## DATA SEGMENT:
_____
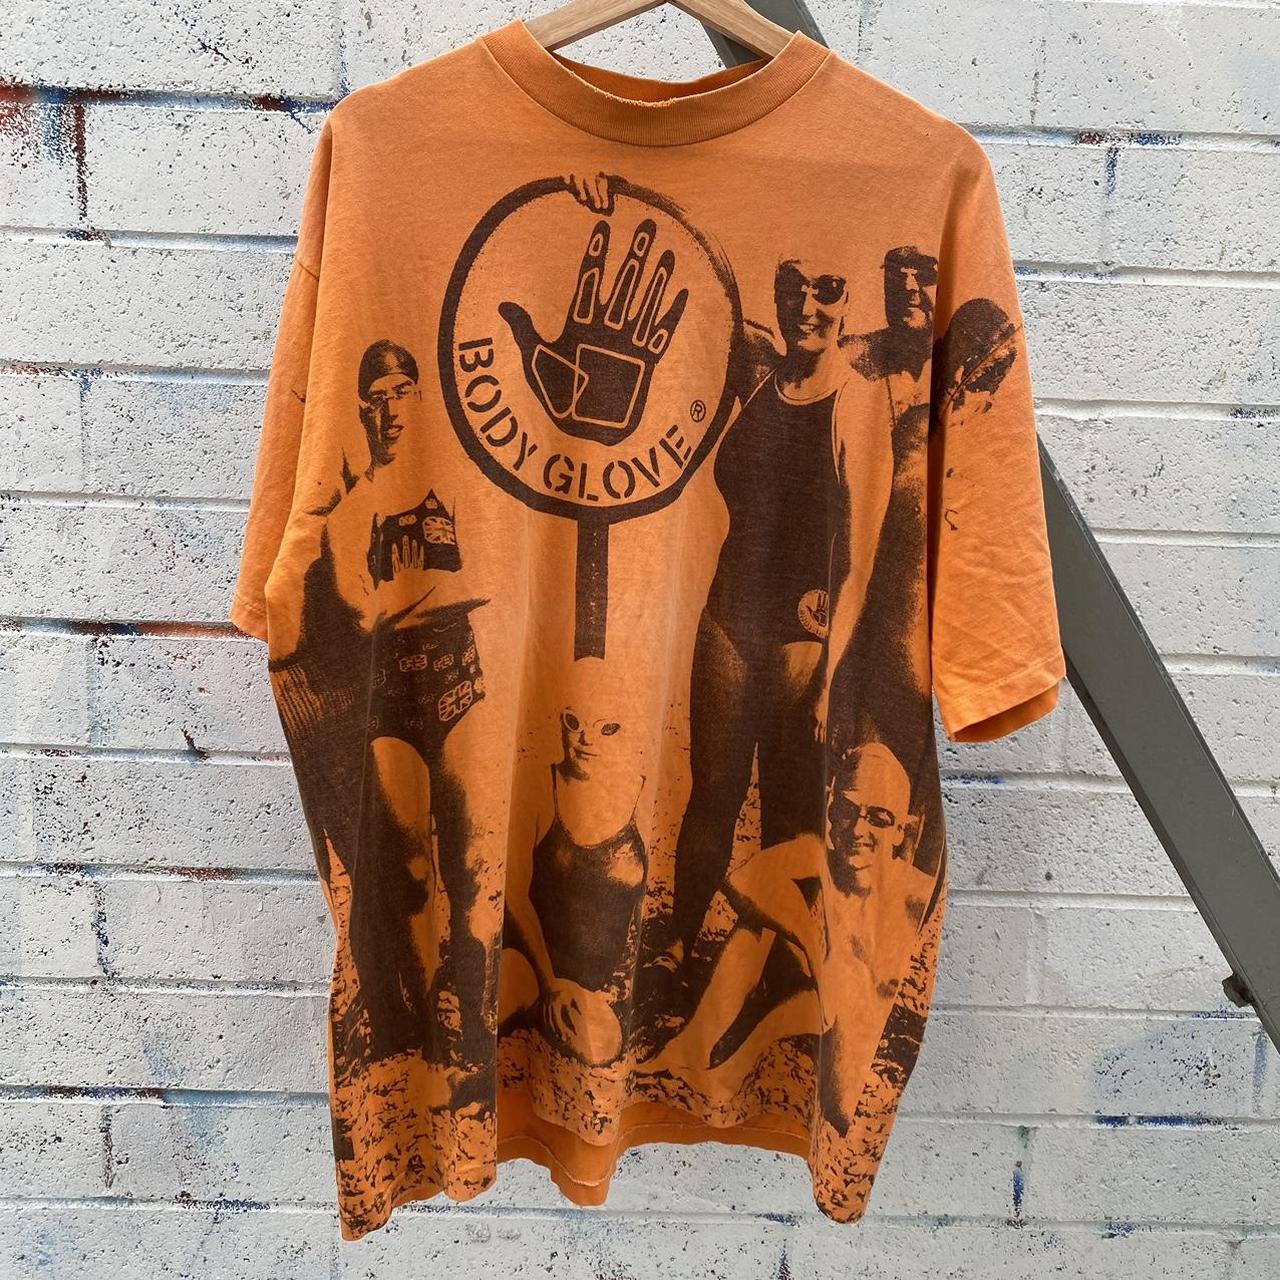 Body Glove Men's Orange T-shirt (8)
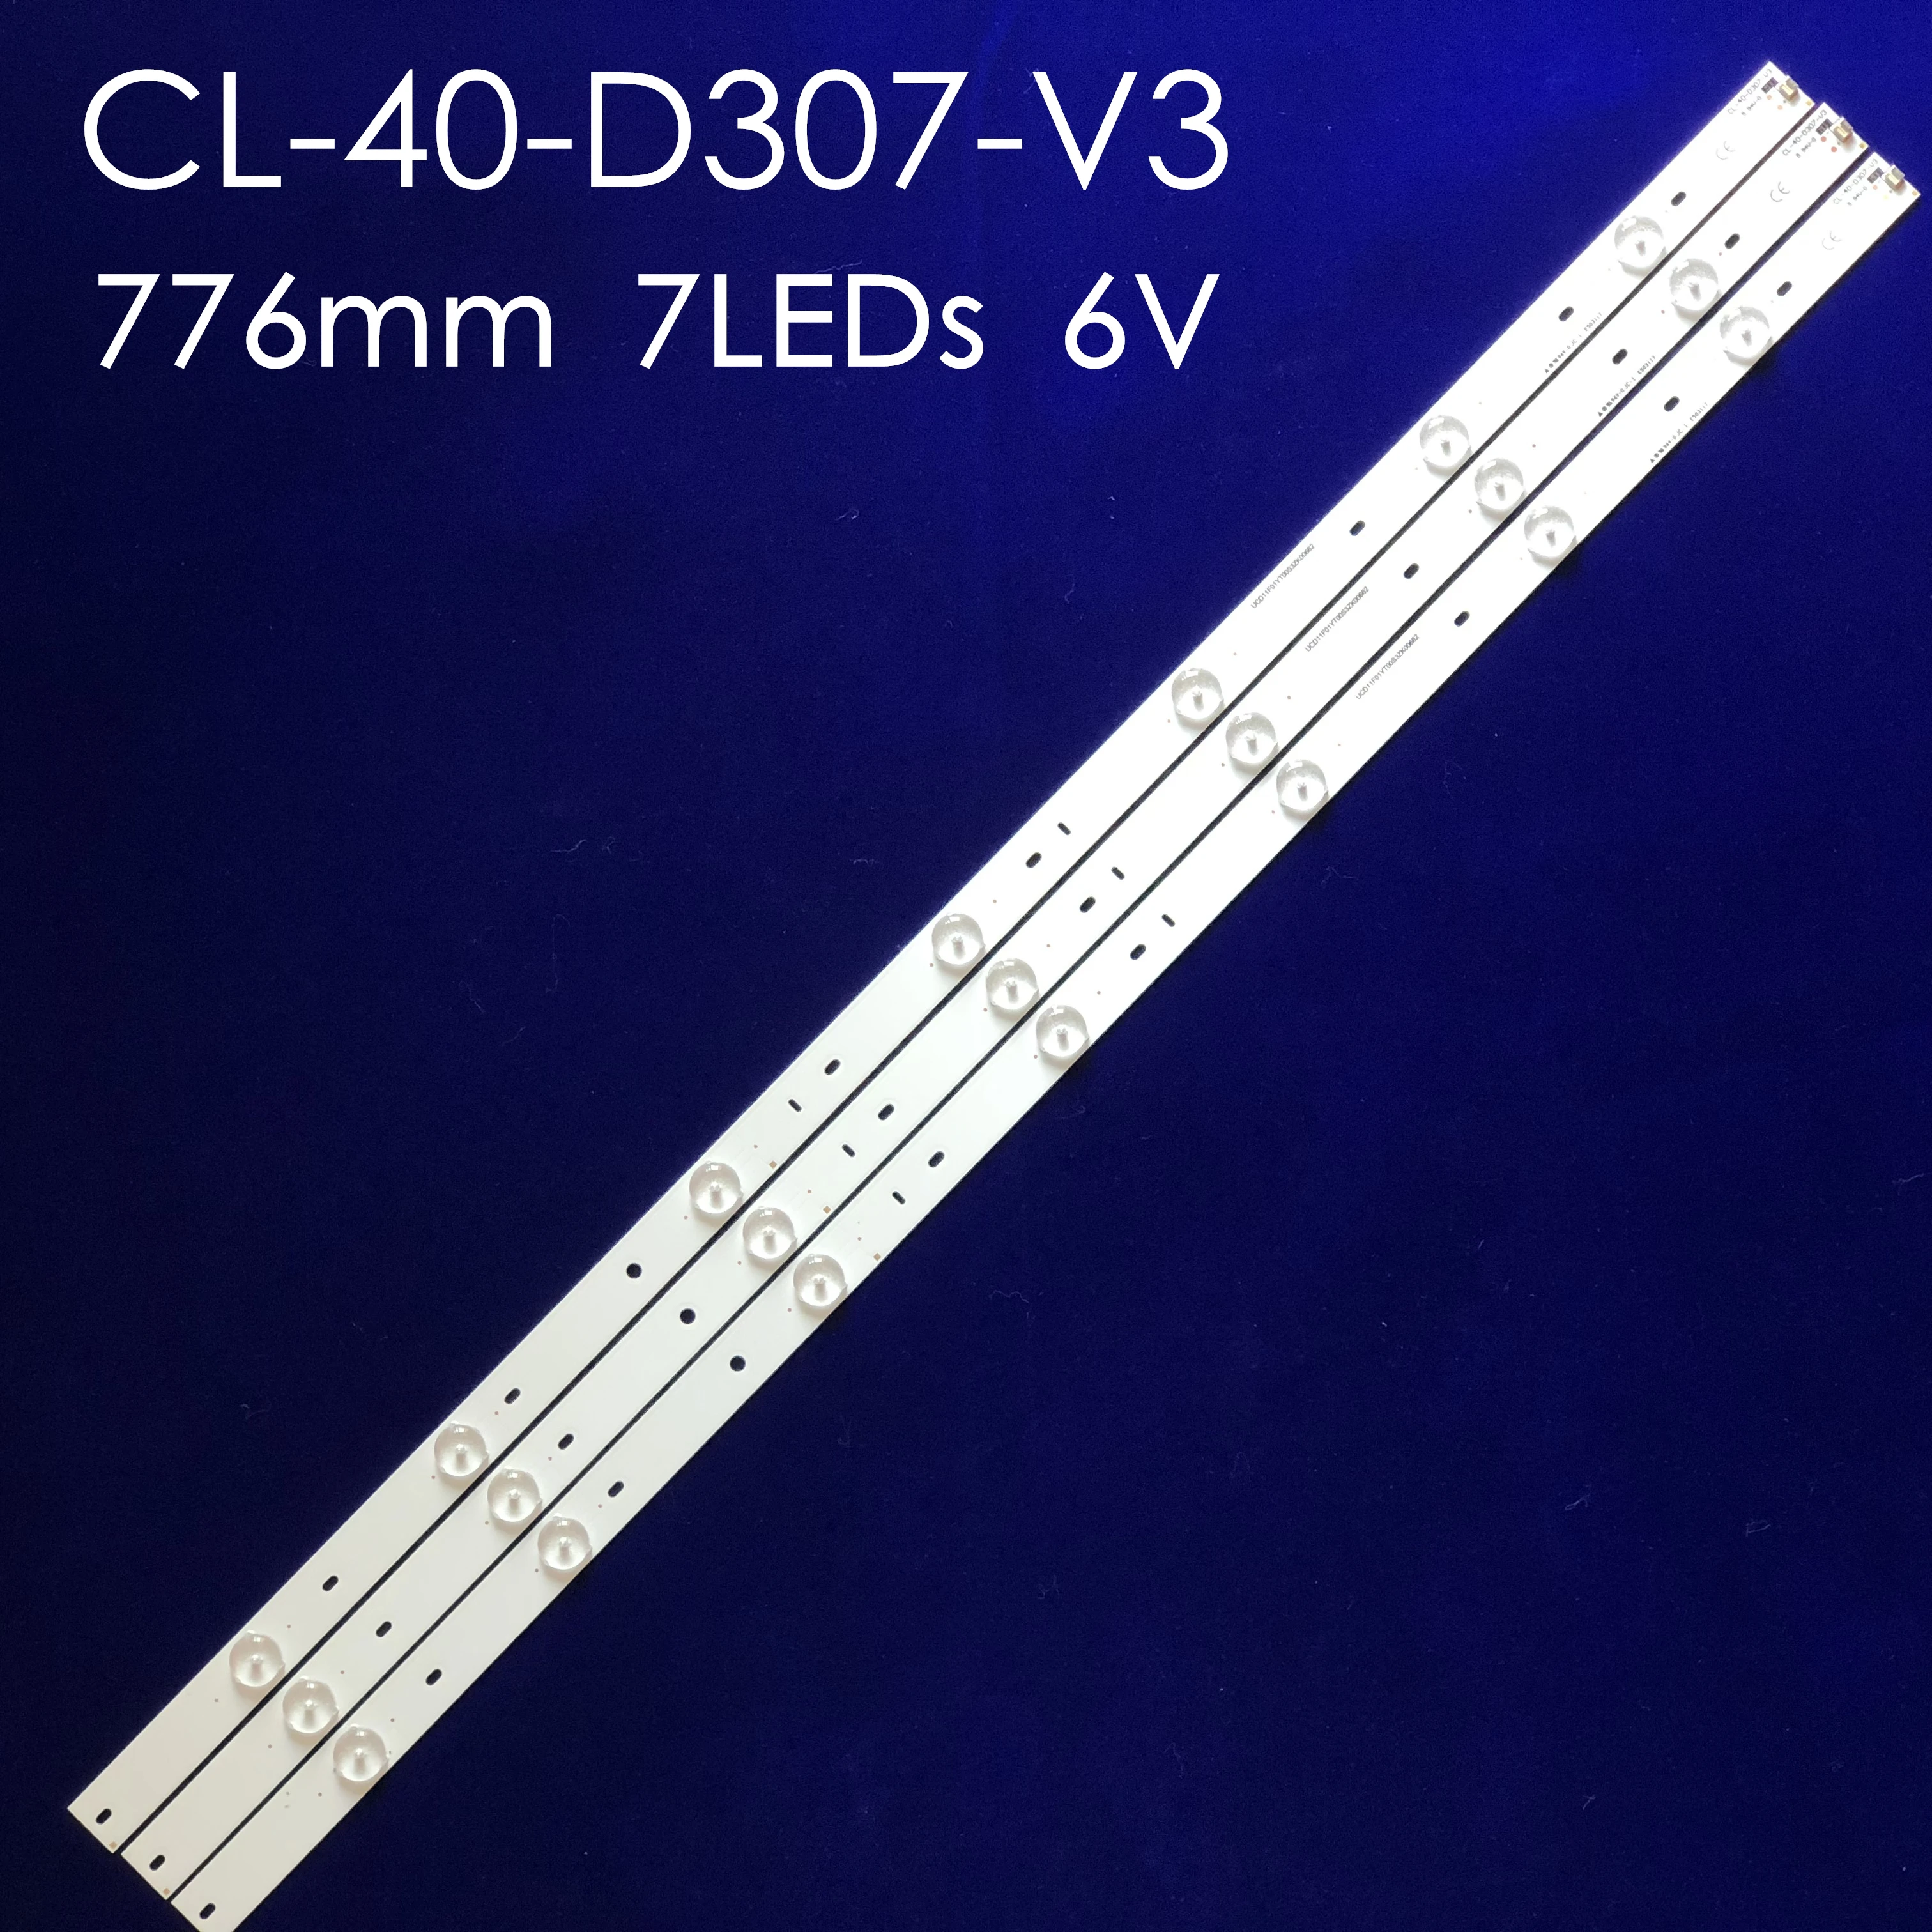 

30PCS LED Backlight strip For 40PFL5708/F7 40PFL3188 40PFL3188 40PFG4109 40PHG4109 40PFT4109/60 40PFL3088H CL-40-D307-V3
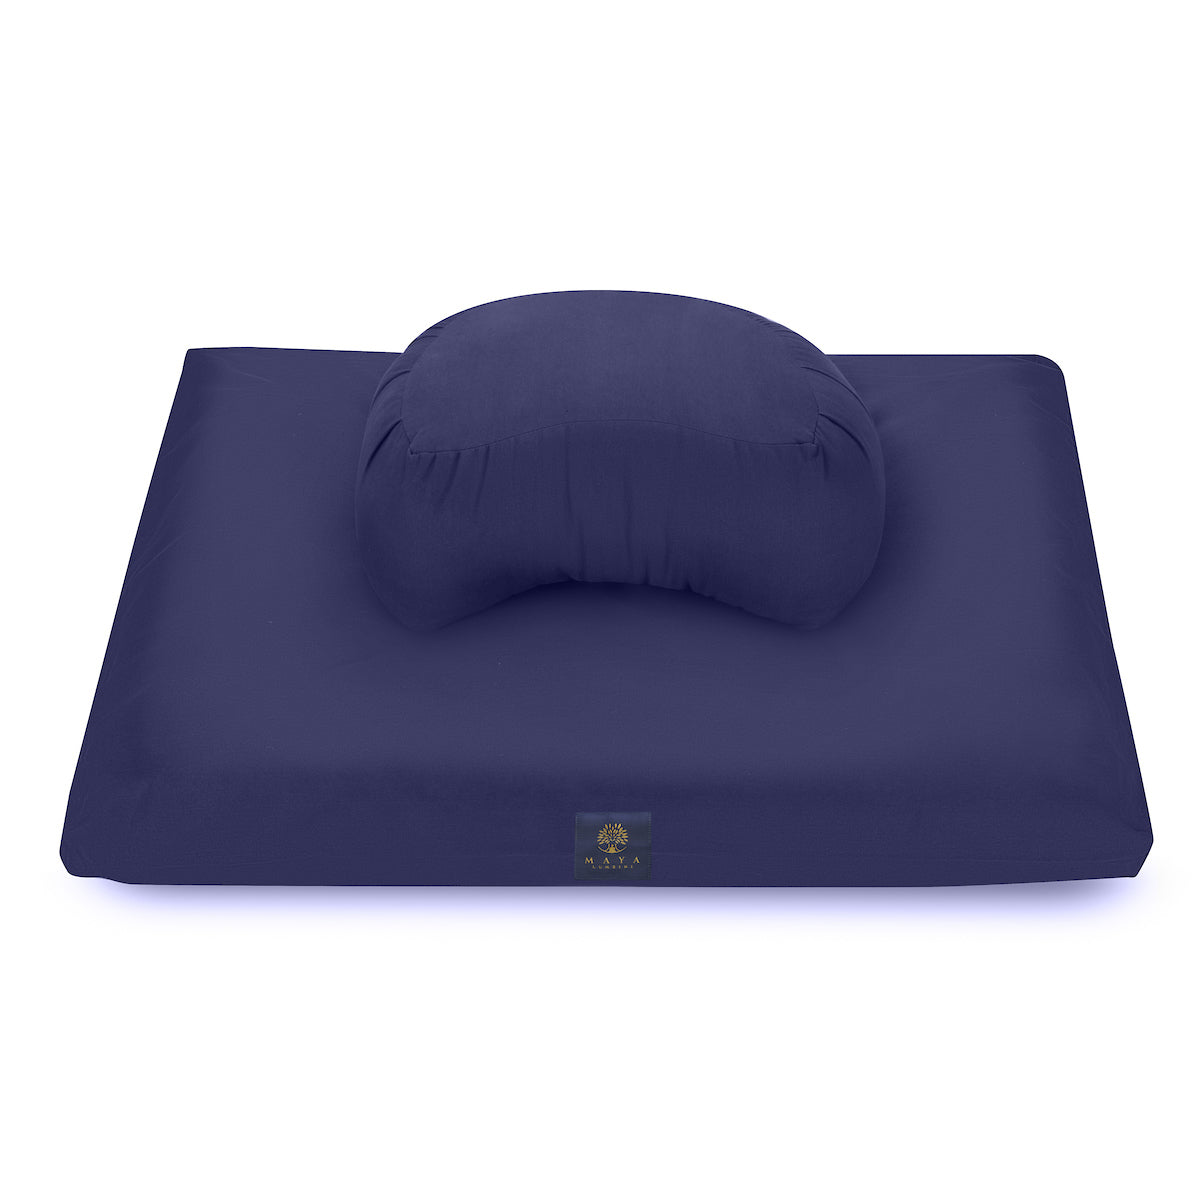 'The Comfier' Crescent Meditation Cushion Set
_____
## TASK TO CARRY OUT:
Could you transcribe exactly the lines from the one with "30PCS LED Backlight" through the end of the data, both ends included, and nothing else, skipping the pictures?

## ANSWER TO THE EXERCISE:
30PCS LED Backlight strip For 40PFL5708/F7 40PFL3188 40PFL3188 40PFG4109 40PHG4109 40PFT4109/60 40PFL3088H CL-40-D307-V3
 'The Comfier' Crescent Meditation Cushion Set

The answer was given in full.